◆ Task input:
%%

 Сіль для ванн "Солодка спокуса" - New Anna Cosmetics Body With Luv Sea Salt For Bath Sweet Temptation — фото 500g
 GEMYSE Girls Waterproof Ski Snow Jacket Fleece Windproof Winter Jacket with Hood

%%
%%

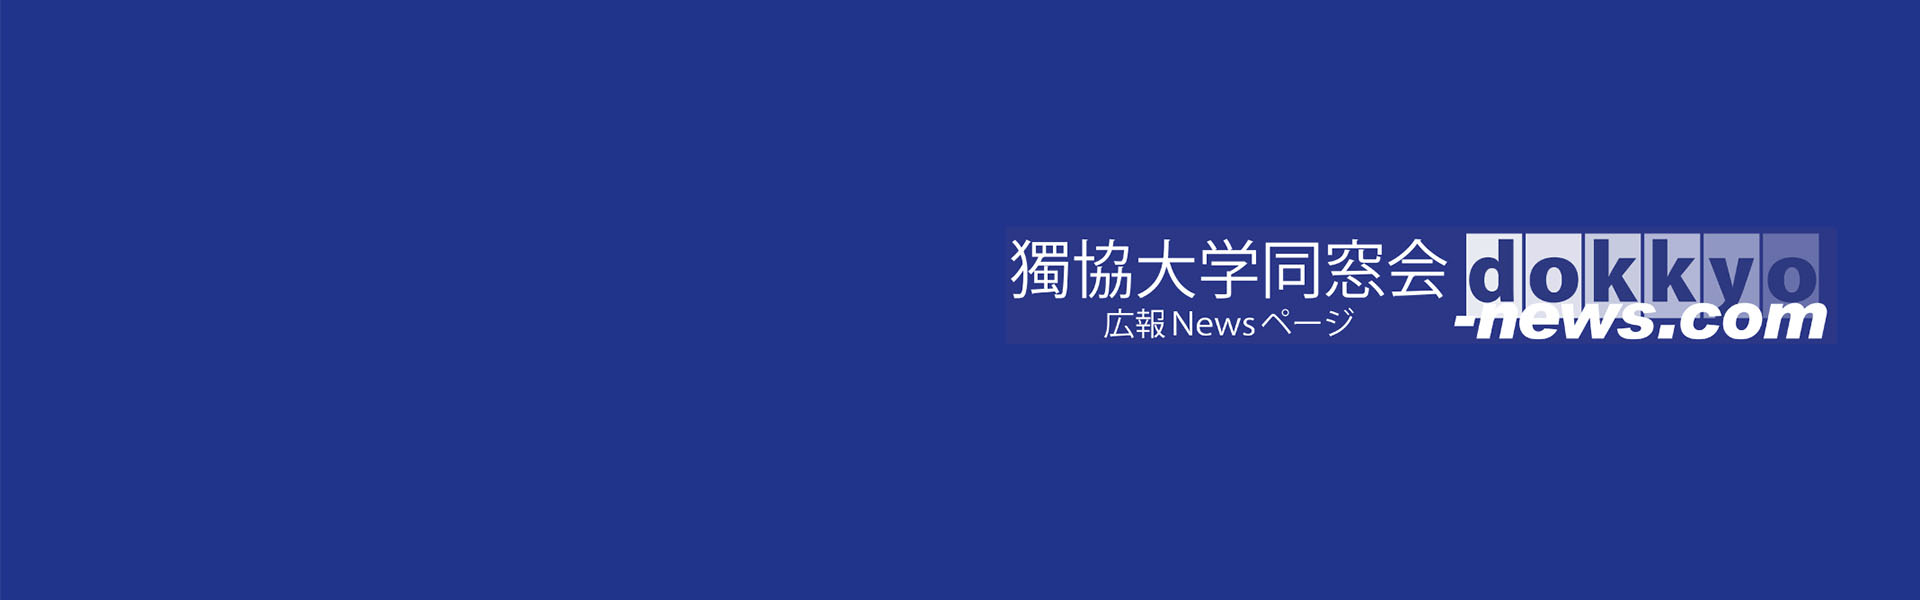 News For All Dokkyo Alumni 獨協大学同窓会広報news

%%
%%

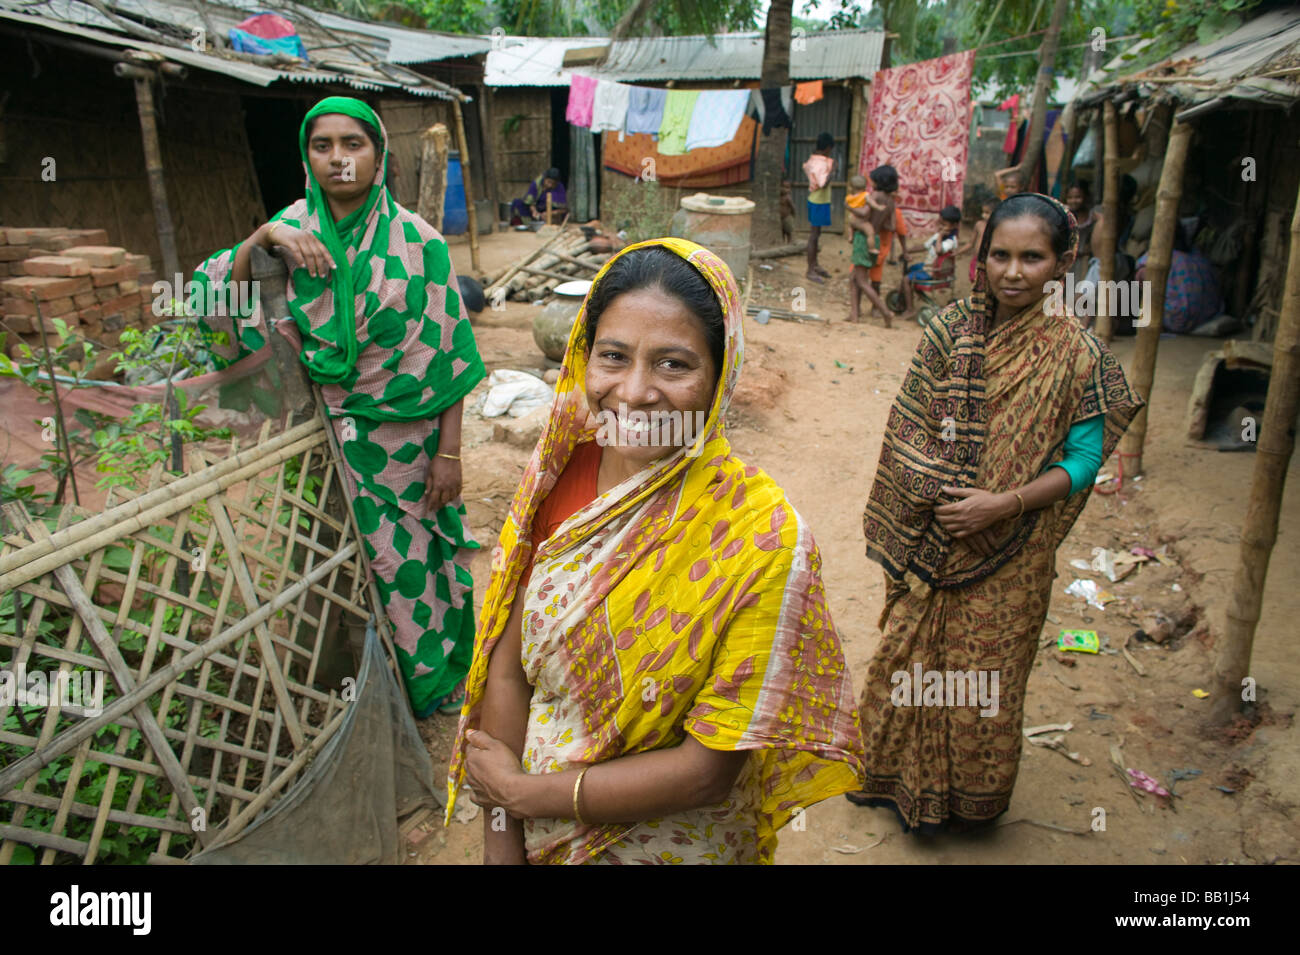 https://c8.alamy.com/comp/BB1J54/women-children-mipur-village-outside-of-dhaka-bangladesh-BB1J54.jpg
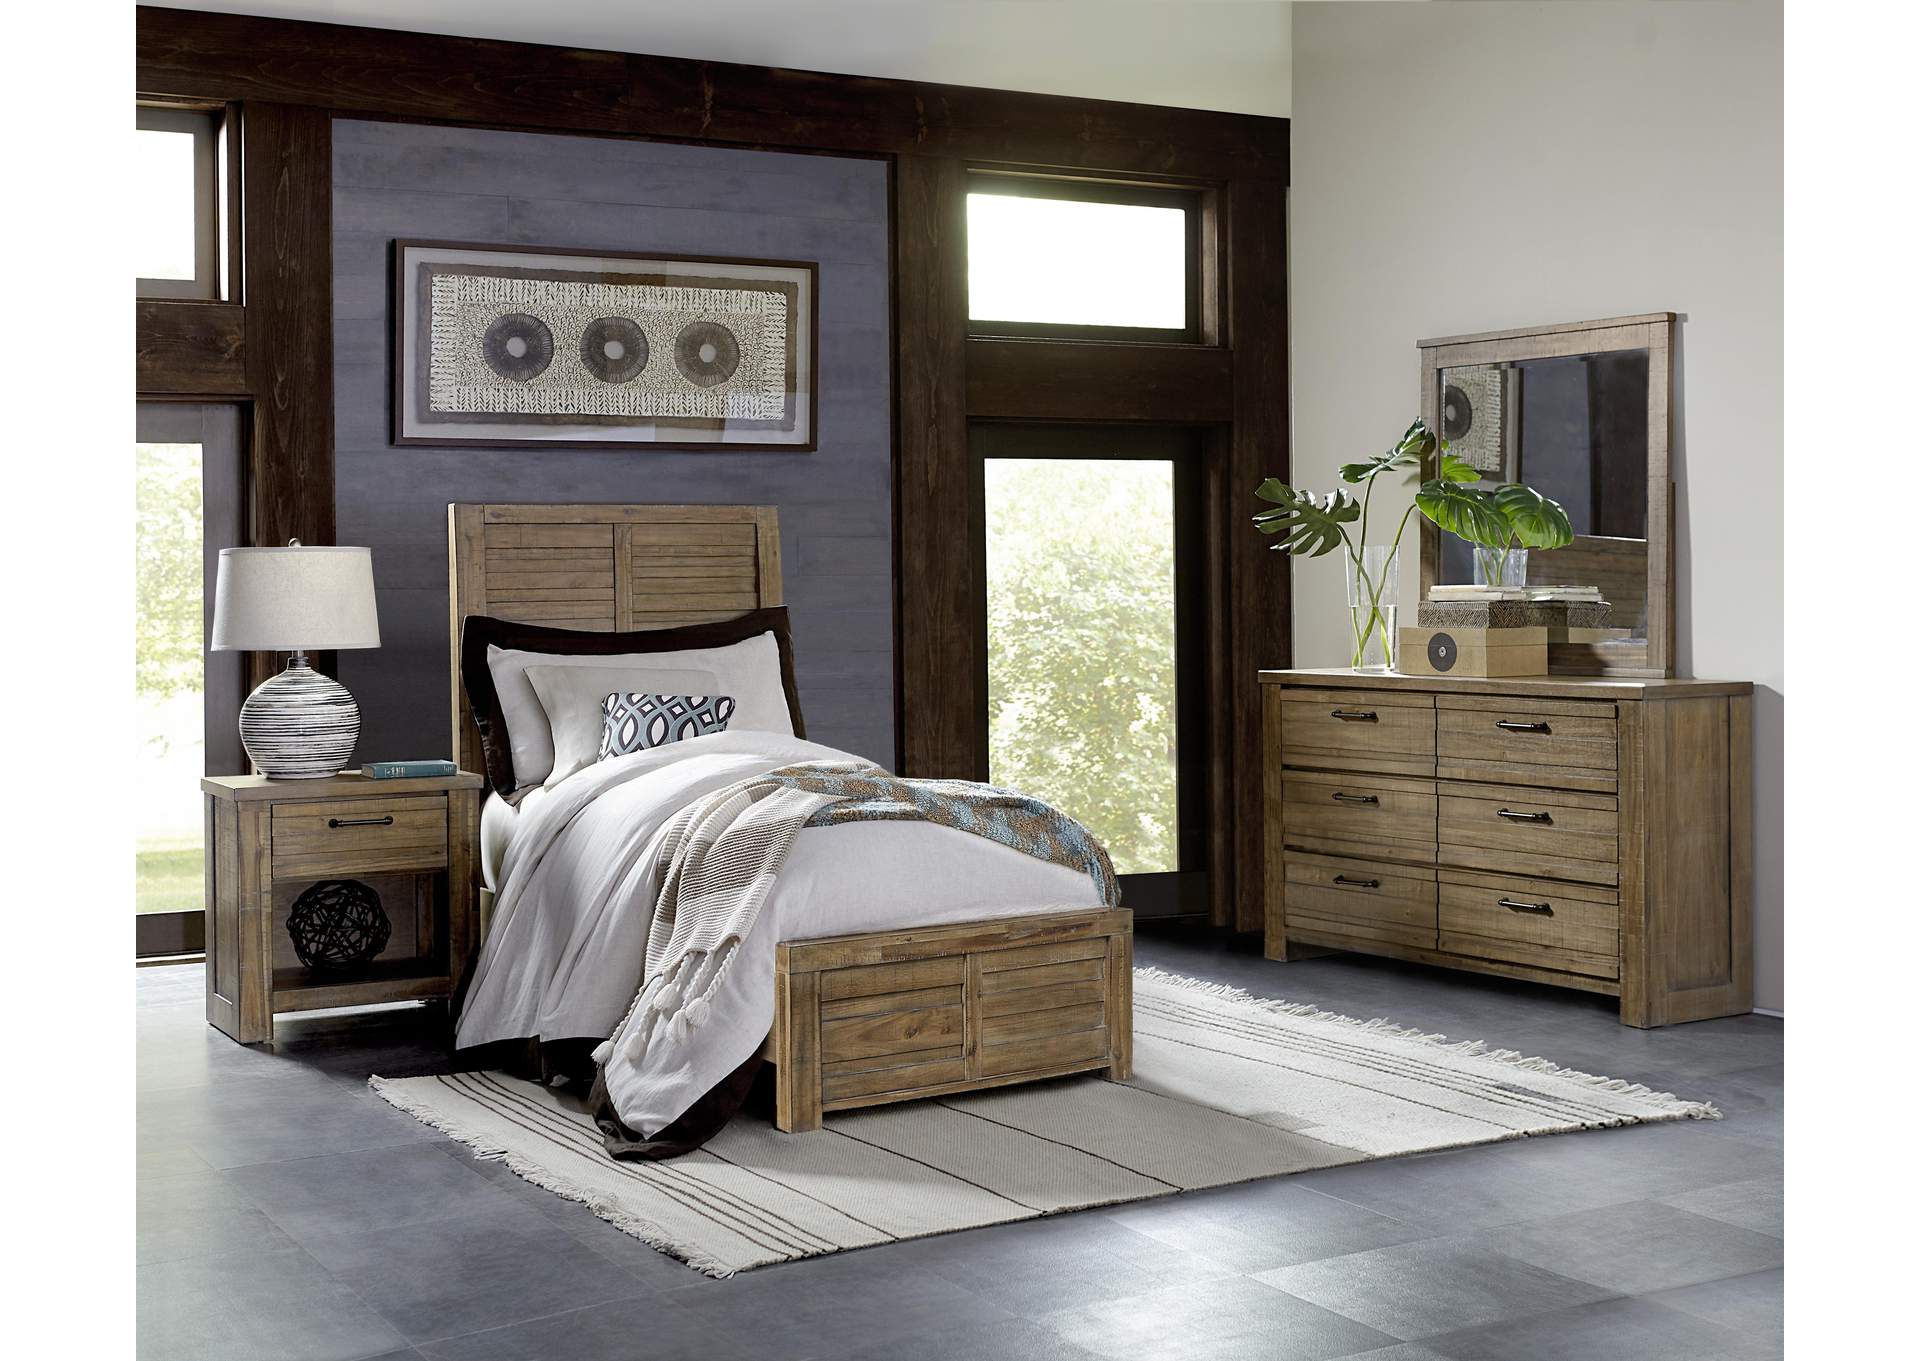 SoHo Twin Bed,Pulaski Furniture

%%

◆ Brief: Every line above from the line with "Сіль для ванн" to the line with "GEMYSE Girls Waterproof", both included, must be reproduced exactly, and no other line may appear.

◆ Output for this exercise:
 Сіль для ванн "Солодка спокуса" - New Anna Cosmetics Body With Luv Sea Salt For Bath Sweet Temptation — фото 500g
 GEMYSE Girls Waterproof Ski Snow Jacket Fleece Windproof Winter Jacket with Hood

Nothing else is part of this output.